The latter was immediately evident to Mark, who, bent on mollifying her, put out his hand towards her while looking at Lady Myton, and saying, ‘This is Miss Mabel Venner Price, my wife’s companion, Lady Myton.’
The title, lady, seemed to have little effect for Miss Price’s countenance didn’t change; her mouth opened, the square chin dropped and she dipped the smallest of curtsies as she said, ‘Your Ladyship.’
Lady Agnes acknowledged the salute by a mere inclining of her head, which gesture reminded Mark of the look she had bestowed on young Bentwood. Apparently she had a manner she kept precisely for menials, and the condescension was, to his mind, overdone.
She was a madam all right, but a very likeable madam, oh yes, a very likeable madam.
He watched her now making her farewells to Eileen and it was apparent that Eileen had been stirred slightly out of herself by her visitor. Well, that was a good thing an’ all.
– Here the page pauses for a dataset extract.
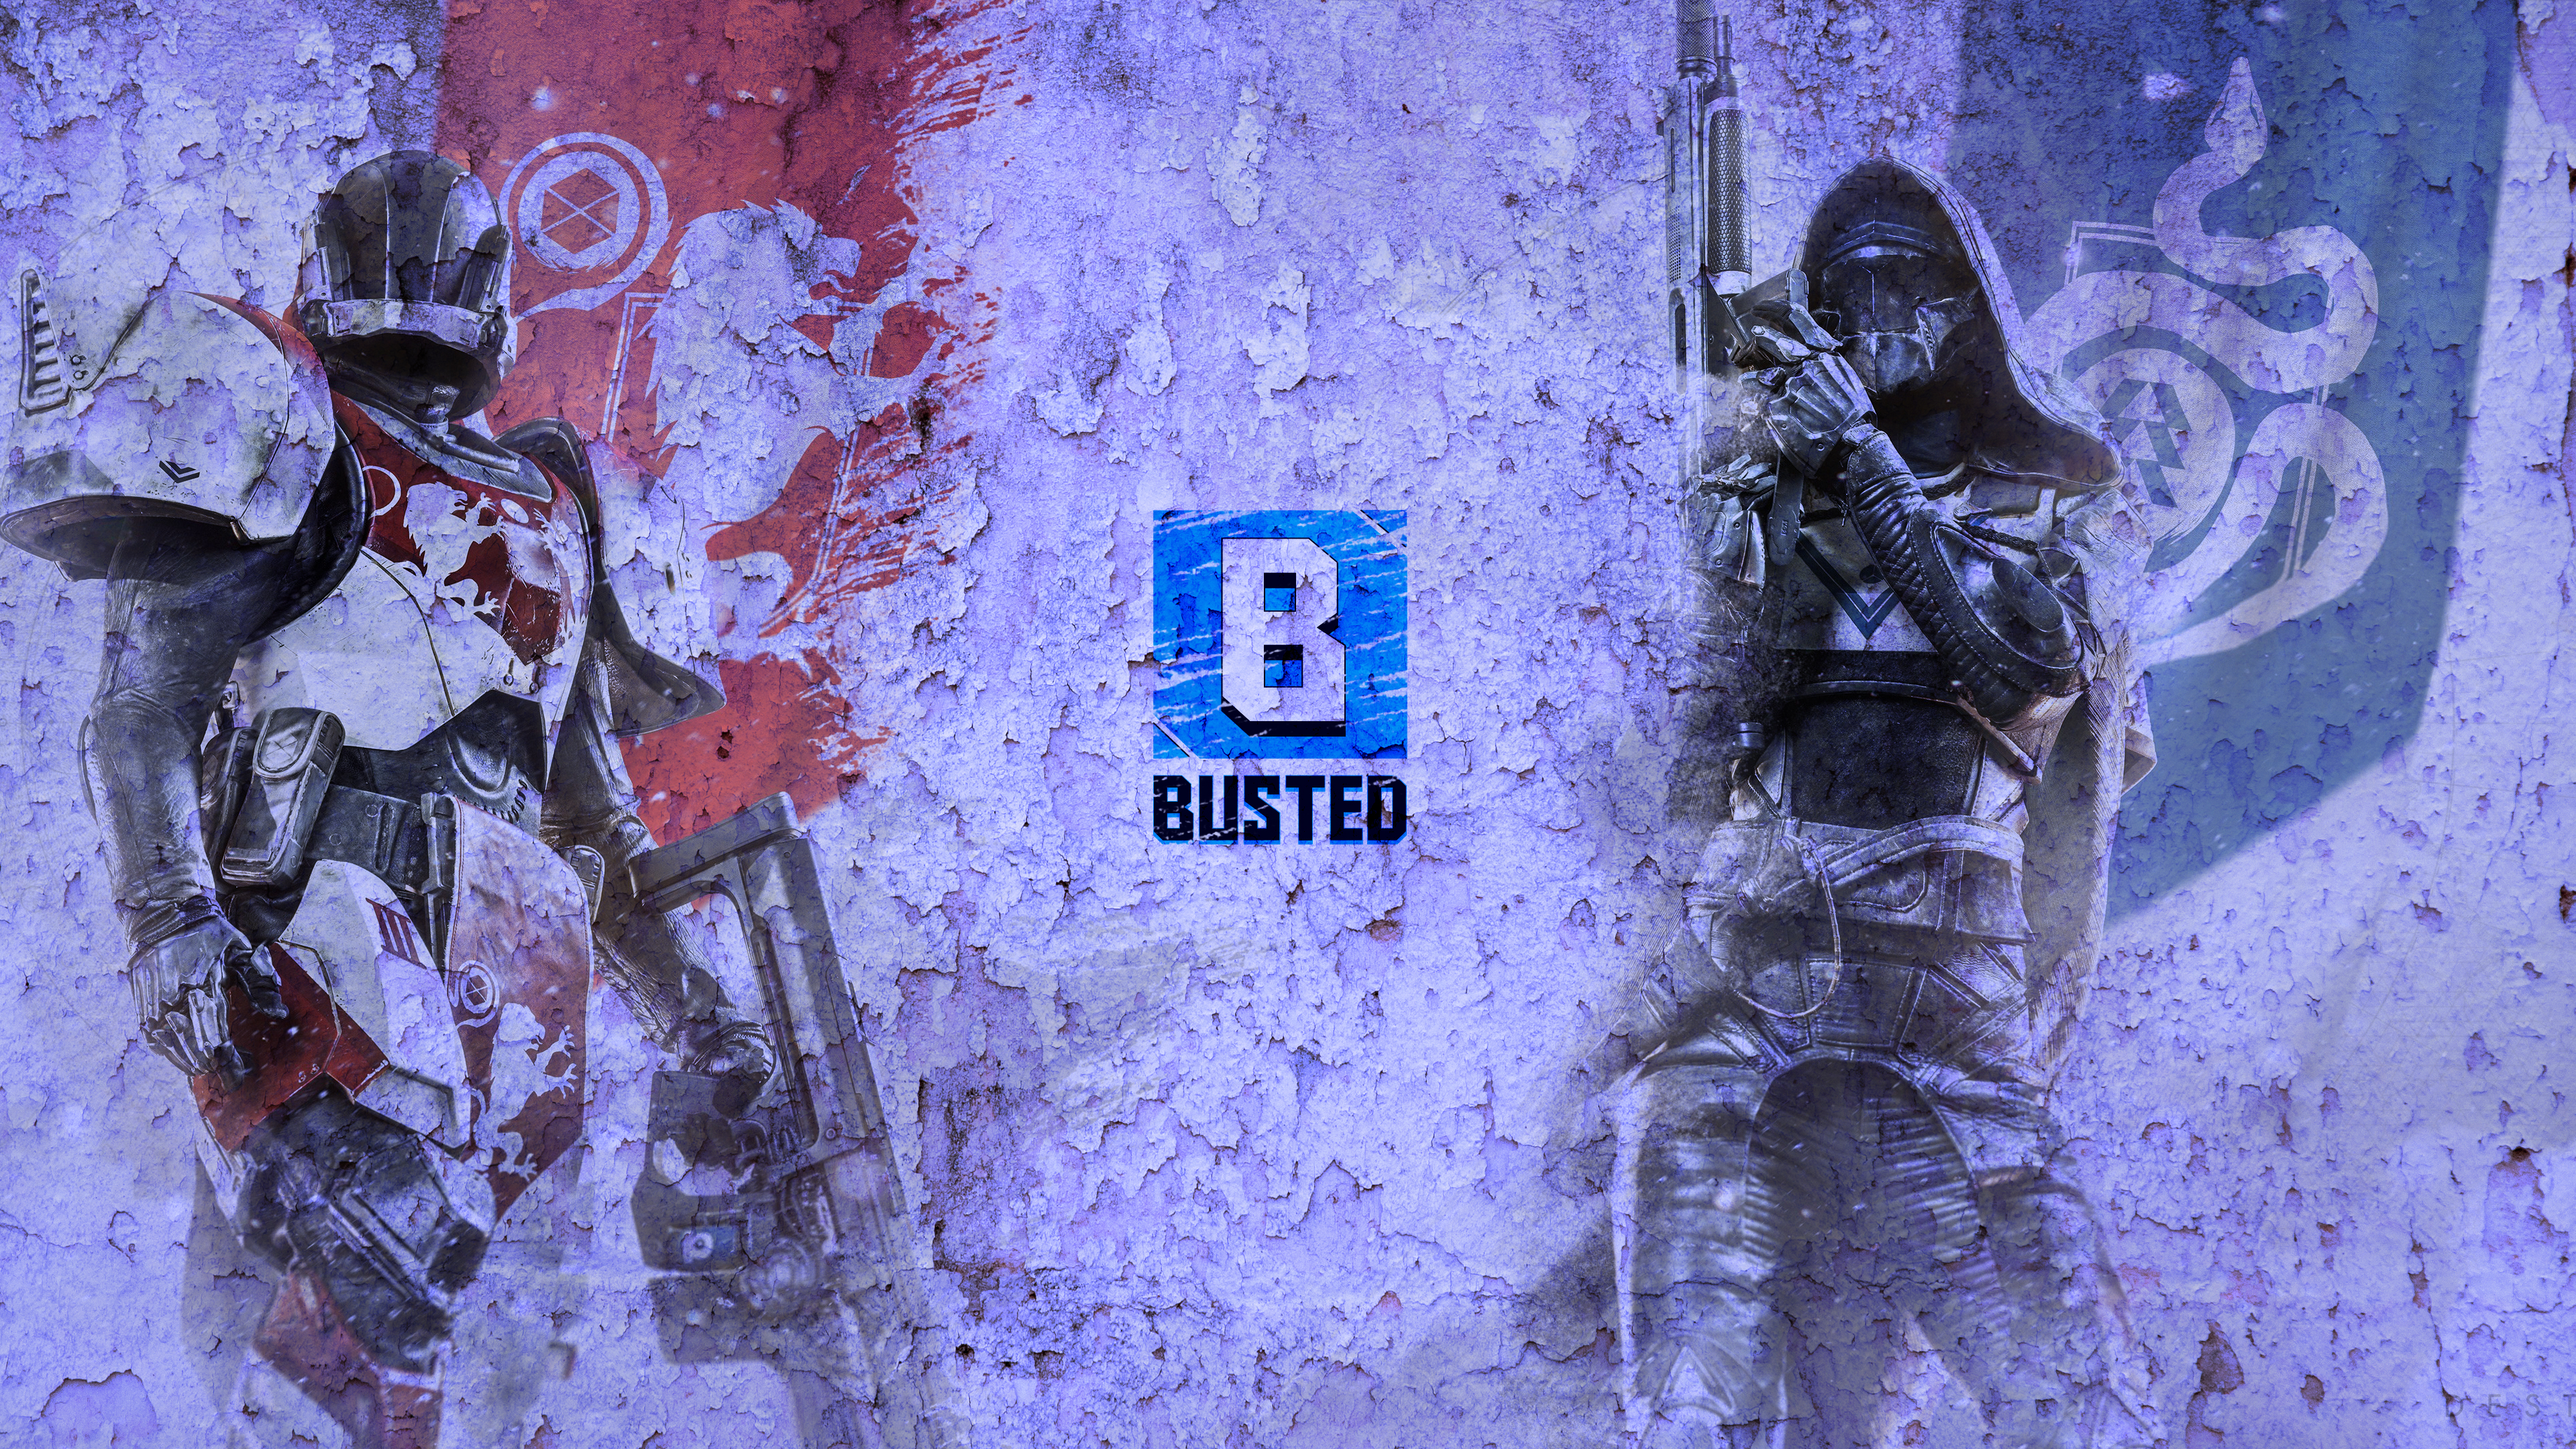 https://busted.gr/wp-content/uploads/2016/11https://busted.gr/wp-content/uploads/2016/11/destiny4k.jpg/destiny4k.jpg

There were times when he had his doubts about his wife’s malaise, yet both Doctor Kemp and Doctor Fellows had said she must have no more children, something to do with her womb; and the man he had brought down from Edinburgh had gone further, stating that the pain she had in the sides of her stomach were from her ovaries and that there was really no cure unless nature took a hand and settled things internally, which it often did. Well, nature was a long time in taking a hand and he had asked himself often of late, would he know when it had? He missed the warmth of her body – she no longer allowed him to lie beside her at night. When he explained he could love her without taking her she had been shocked.
How was it, he wondered, that the common woman managed to carry on? There were women in his mine crawling on their hands and knees, pulling and shoving bogies full of coal less than a week after giving birth. Often when he had gone down the mine with the manager they had come across couples sporting and more in a side roadway on the bare roc
k earth, and while Yarrow scattered them, crying, ‘I’ll cuddle you! Begod, I’ll cuddle you!’ he himself had been filled with envy. He often thought about the word cuddle. It was a beautiful word, warm in itself.
‘Shall we be going then?’
‘Oh yes, yes.’
He hadn’t been conscious of staring at her all the while he had been thinking, but he was now conscious of his wife’s eyes being tight on him as he turned to her and said, ‘I’ll be up shortly.’
When Mabel Price opened the door for them he smiled at her but her cheeks made no answering movement.
They had reached the main hall before they spoke again. Looking at her, he said, ‘I feel very embarrassed, you have been offered no refreshment whatever,’ and she put out her hand and gently tapped his sleeve with two fingers as she said, ‘Please don’t apologise, there is nothing to apologise for. The visit itself has been refreshment enough.’ Then her head on one side, she asked, ‘Can I depend upon you coming to dinner a fortnight tonight?’
There was the slightest pause before he answered, ‘Most certainly. I shall be pleased to.’
Their eyes held for a moment longer, then she turned about, walked towards the door where the footman was now standing with her crop and gloves, and taking them from him as if she had picked them up from a hallstand she went out and on to the broad terrace, then walked down the three shallow steps on to the grass spattered gravel and to where Fred Leyburn, the coachman-cum-groom-cum-handyman was holding her horse.